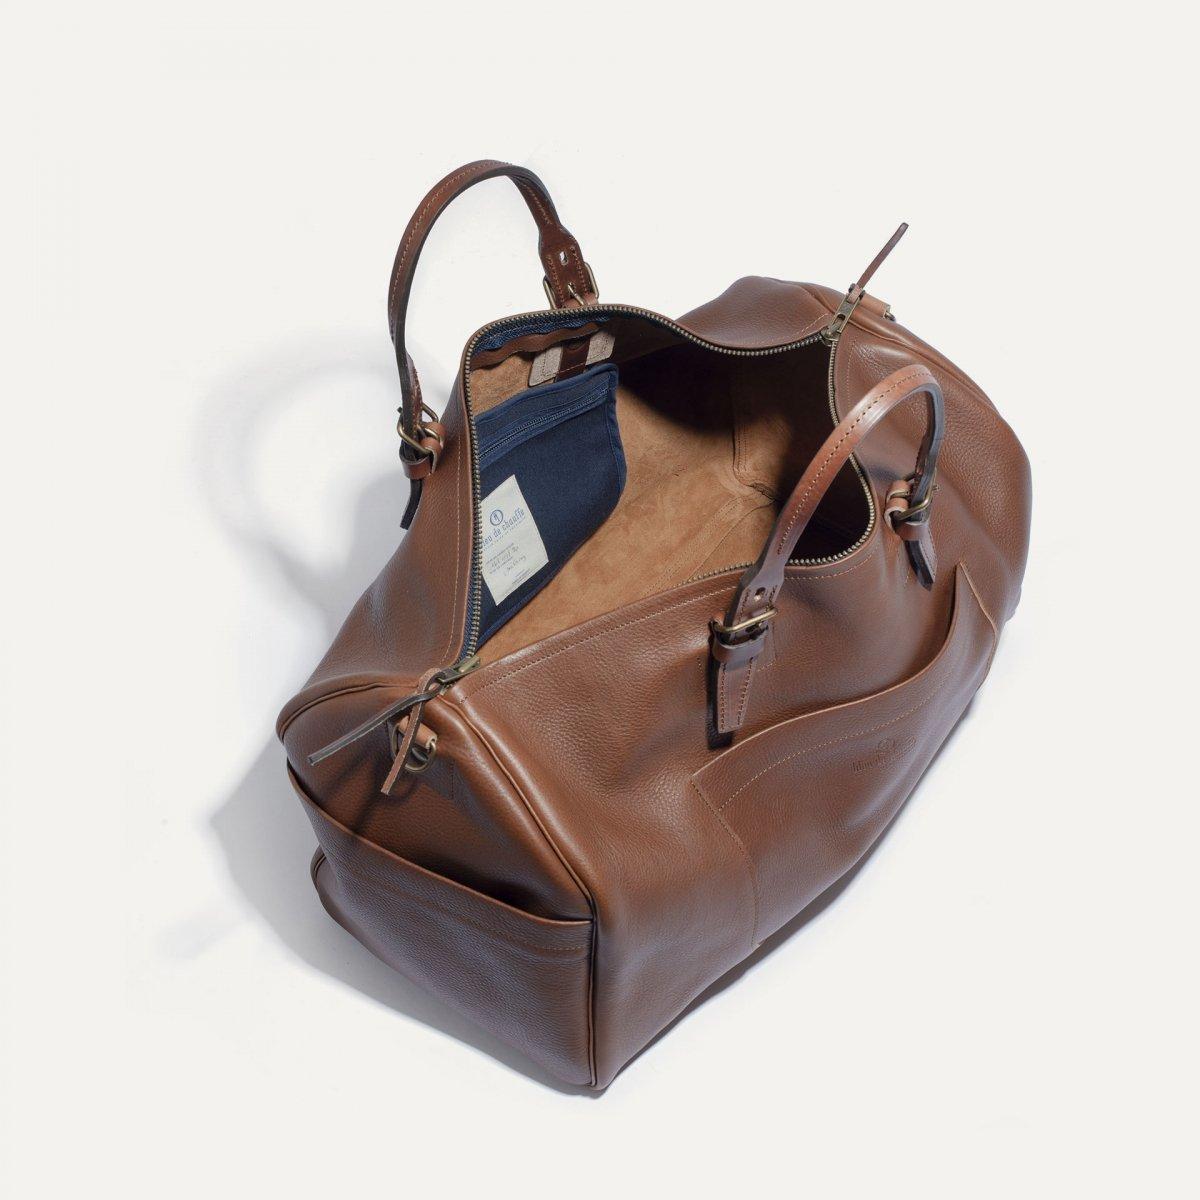 Hobo Travel bag - Cuba Libre (image n°4)
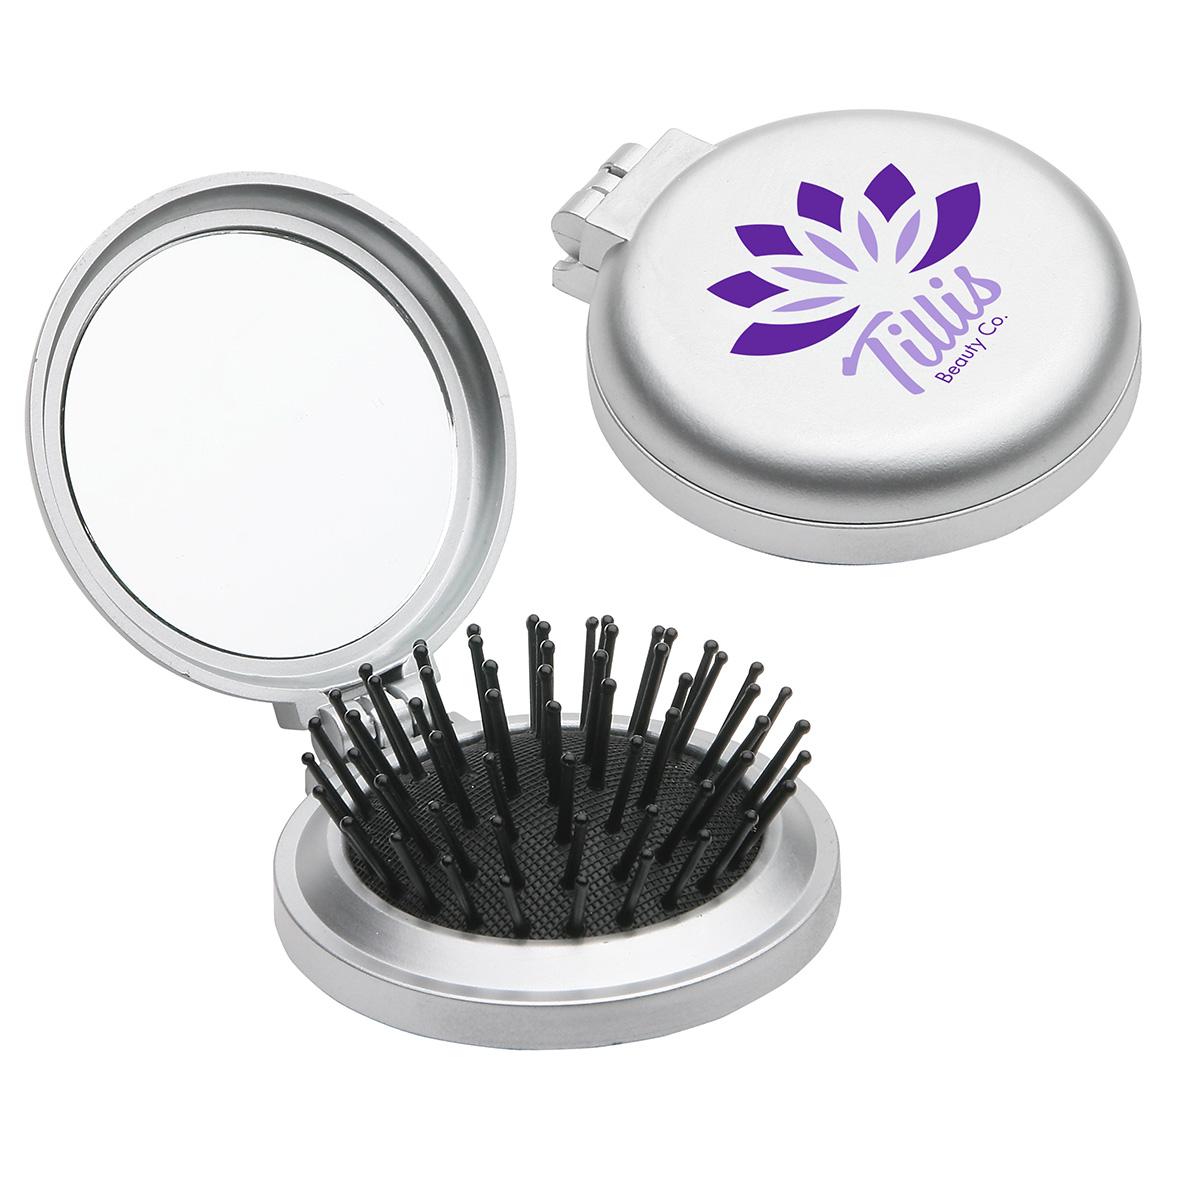 Travel Disk Brush & Mirror, WTV-TD10 - 1 Colour Imprint
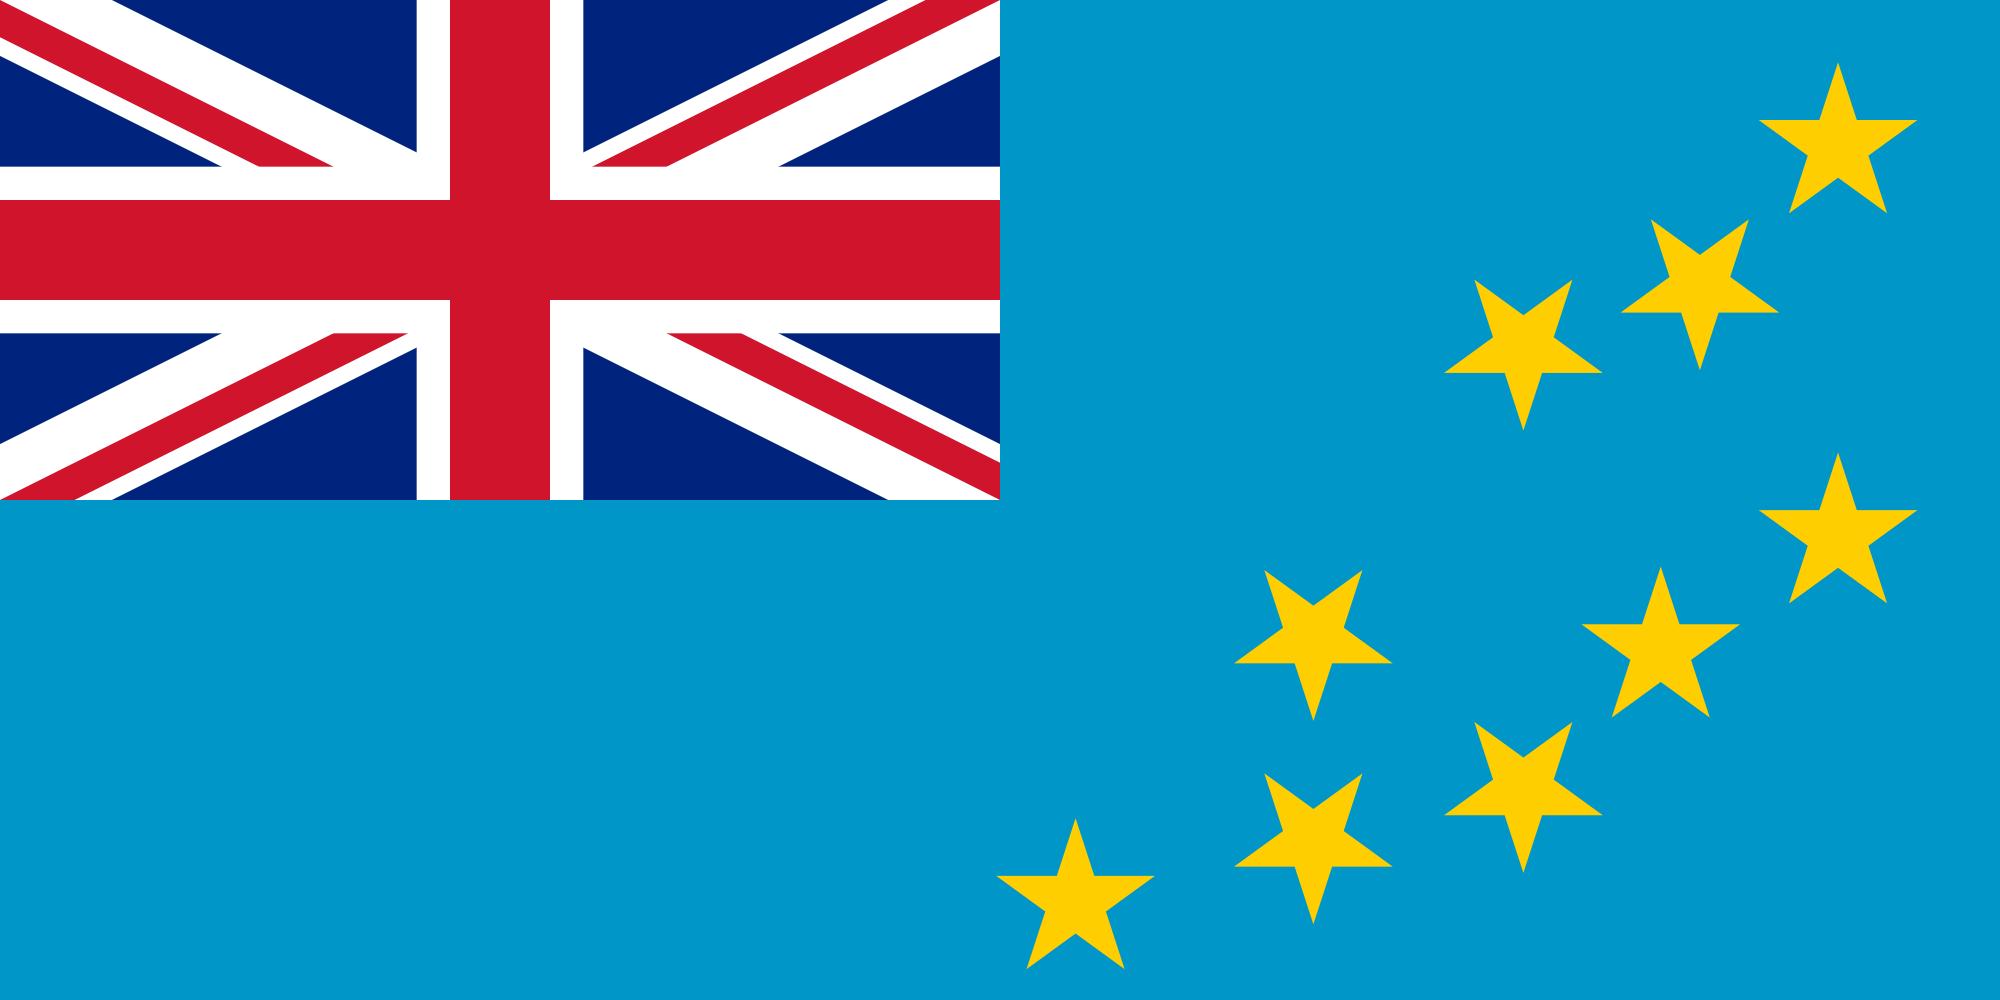 Wallpaper Of The Flag Of Tuvalu PaperPull 2000x1000
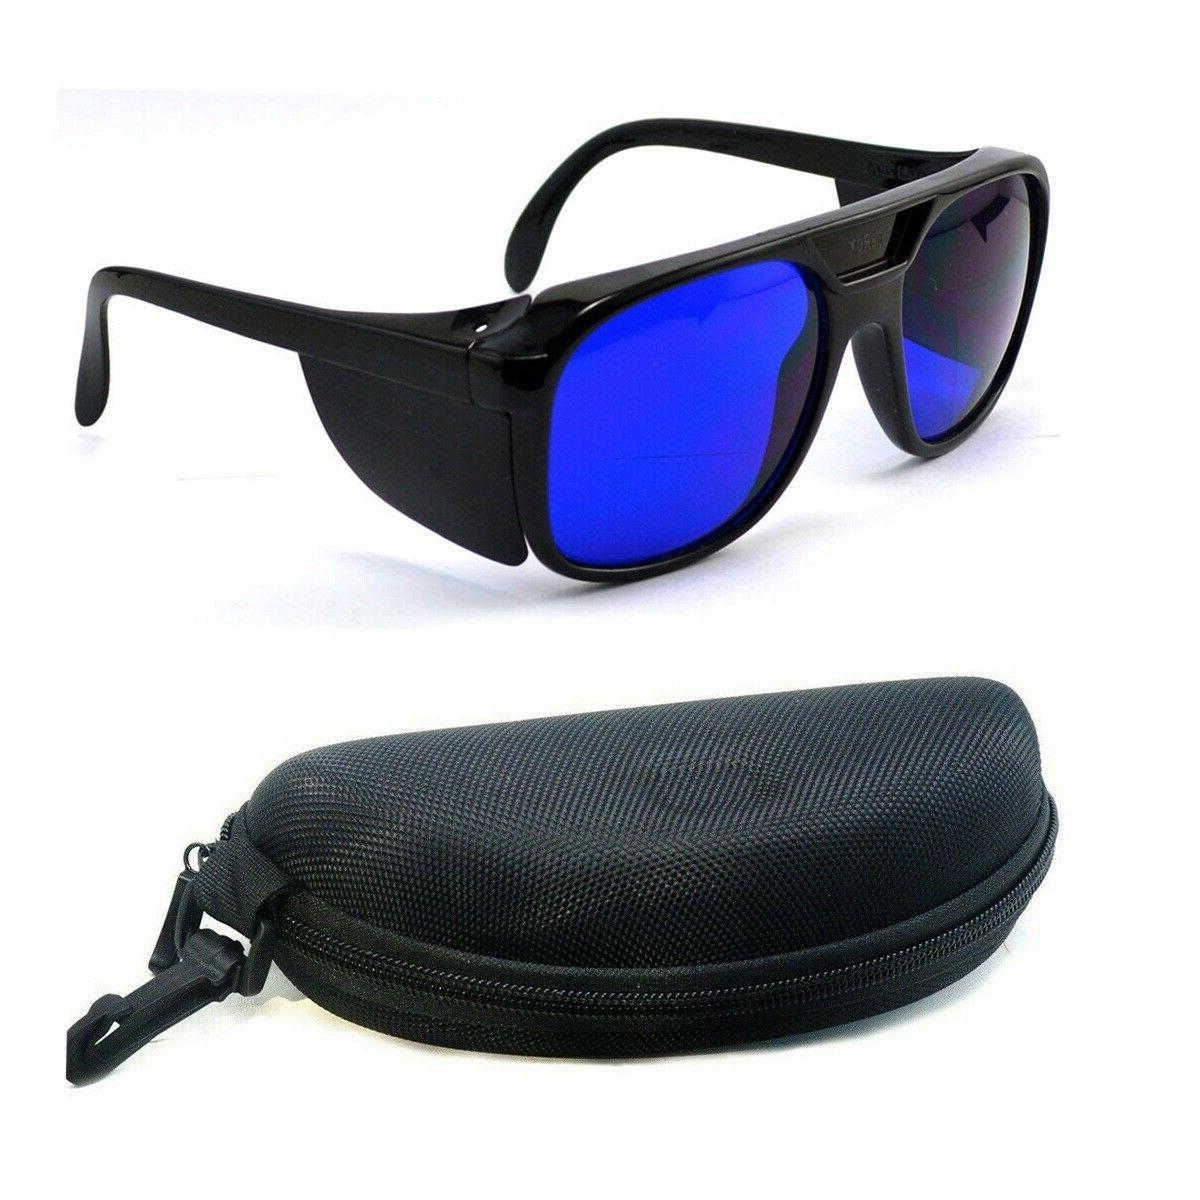 ce od5 ipl laser safety glasses
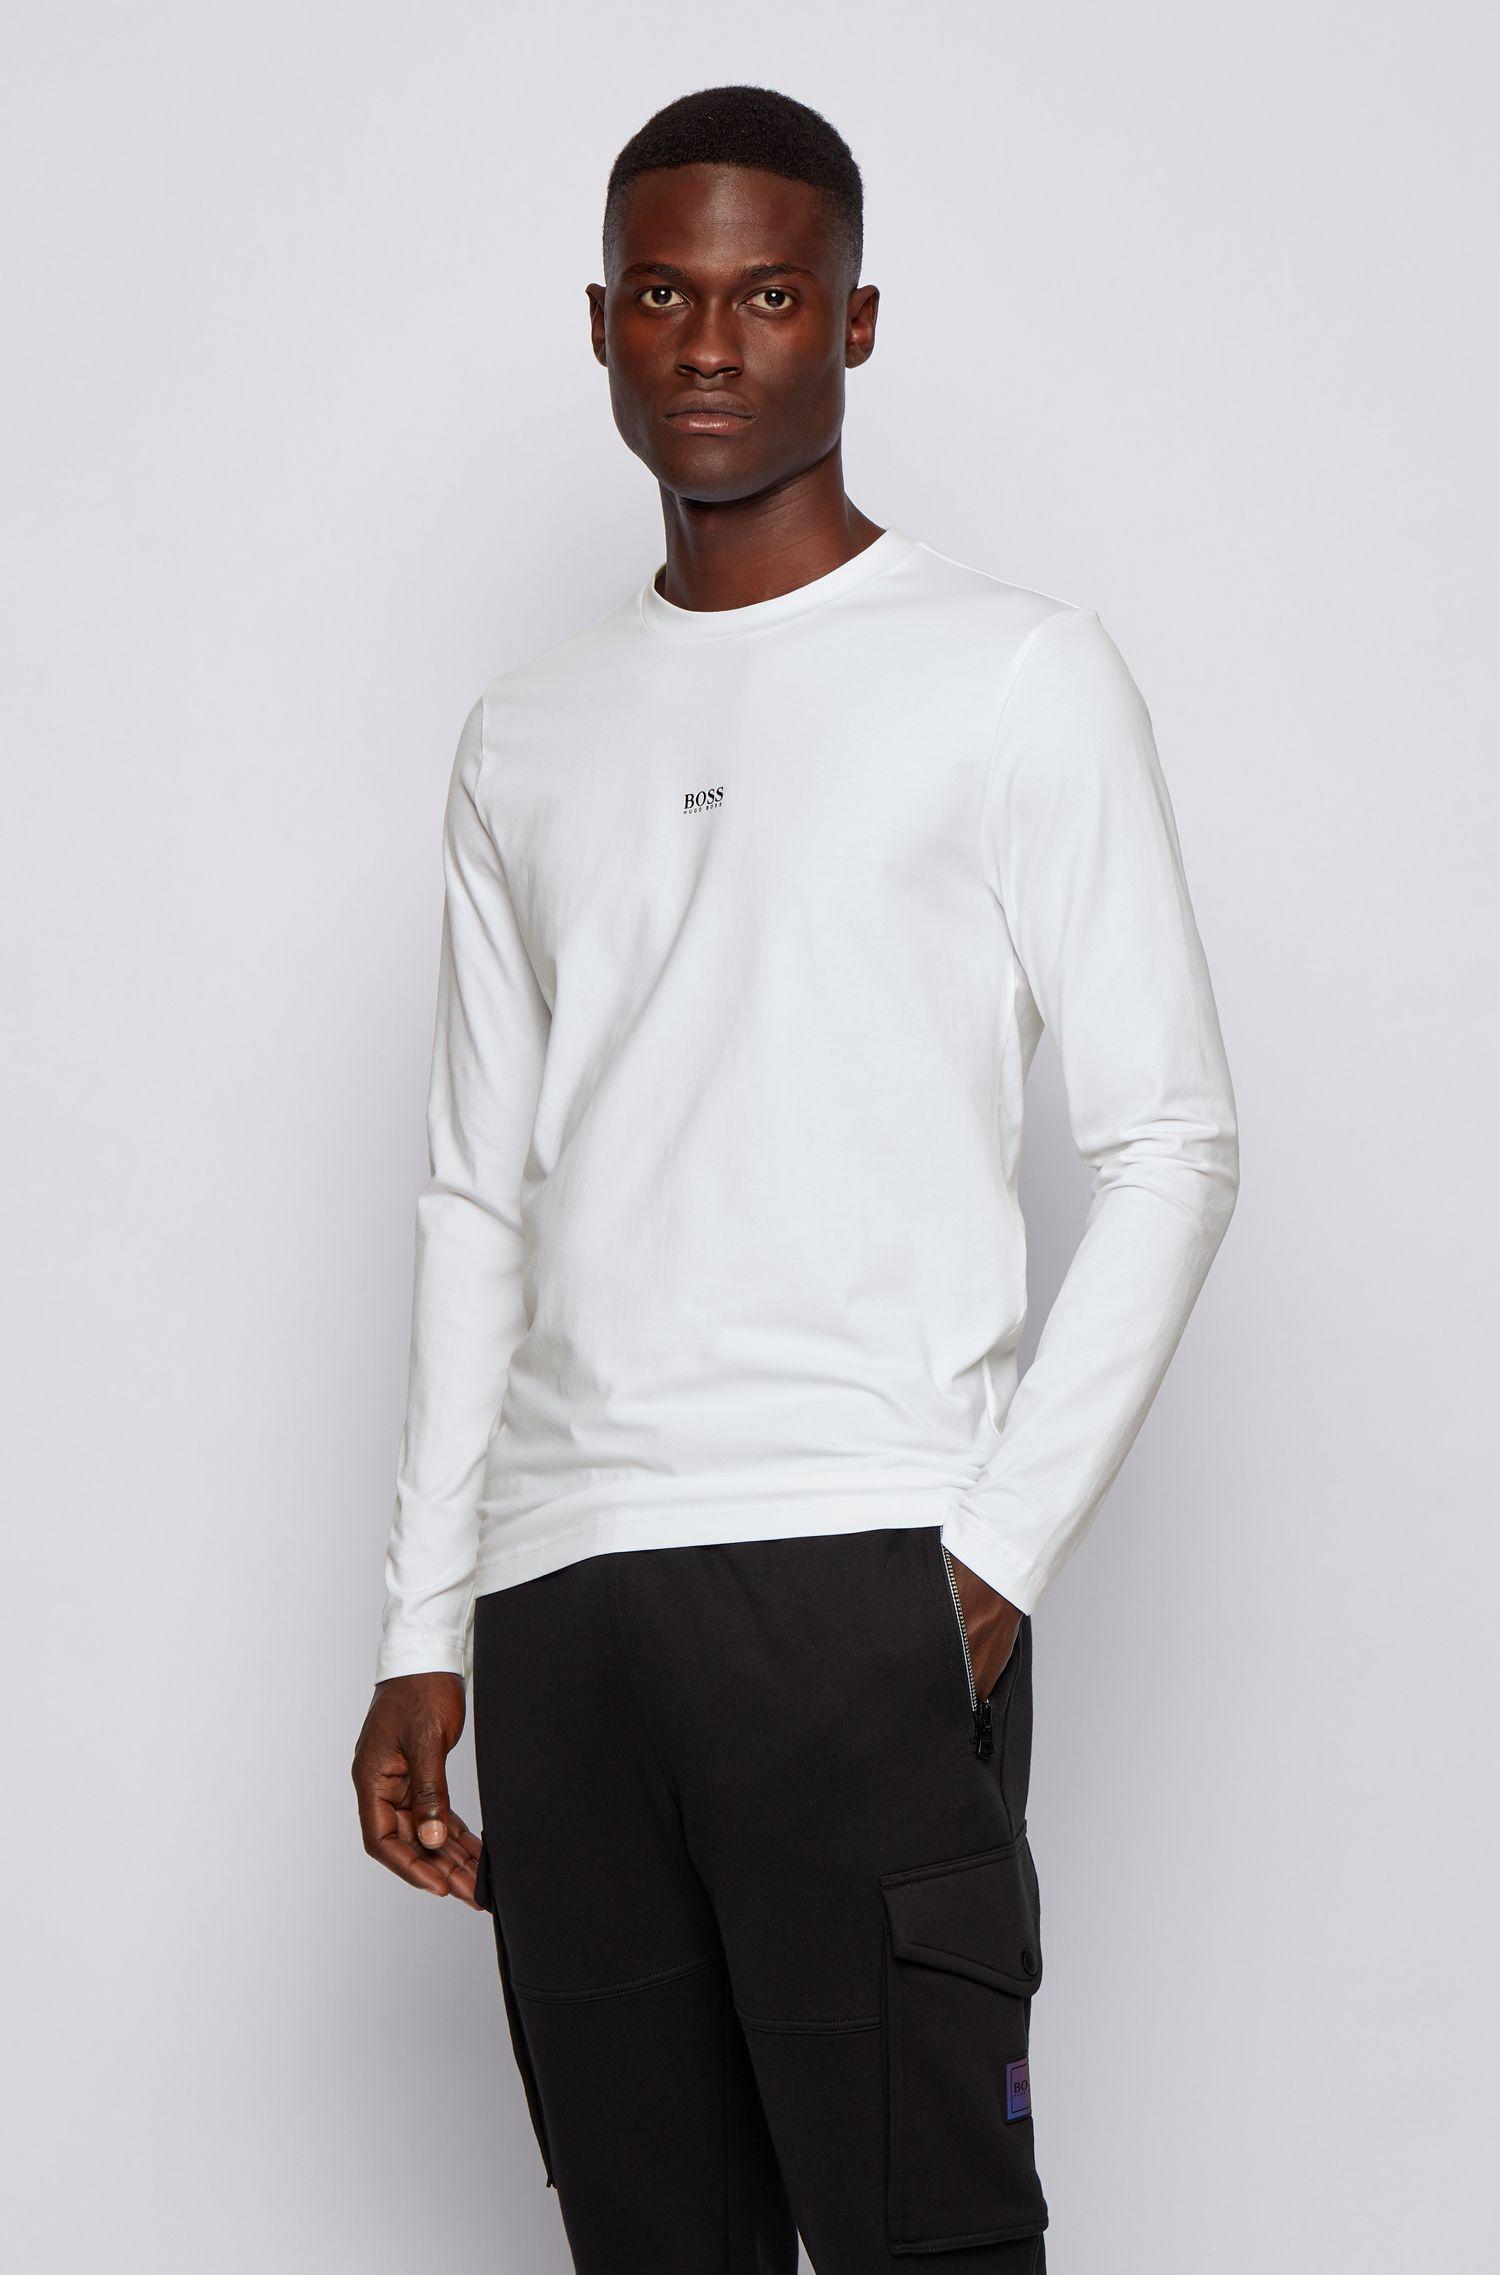 HUGO BOSS 雨果博斯 弹力棉 男式T恤 5.2折$28.8起 海淘转运到手约¥199

※ ※ ※

What is needed is a verbatim copy of every entry, with the pictures omitted.

_Answer to the exercise_
 Hobo Travel bag - Cuba Libre (image n°4)
 Travel Disk Brush & Mirror, WTV-TD10 - 1 Colour Imprint
 Wallpaper Of The Flag Of Tuvalu PaperPull 2000x1000
 ce od5 ipl laser safety glasses
 HUGO BOSS 雨果博斯 弹力棉 男式T恤 5.2折$28.8起 海淘转运到手约¥199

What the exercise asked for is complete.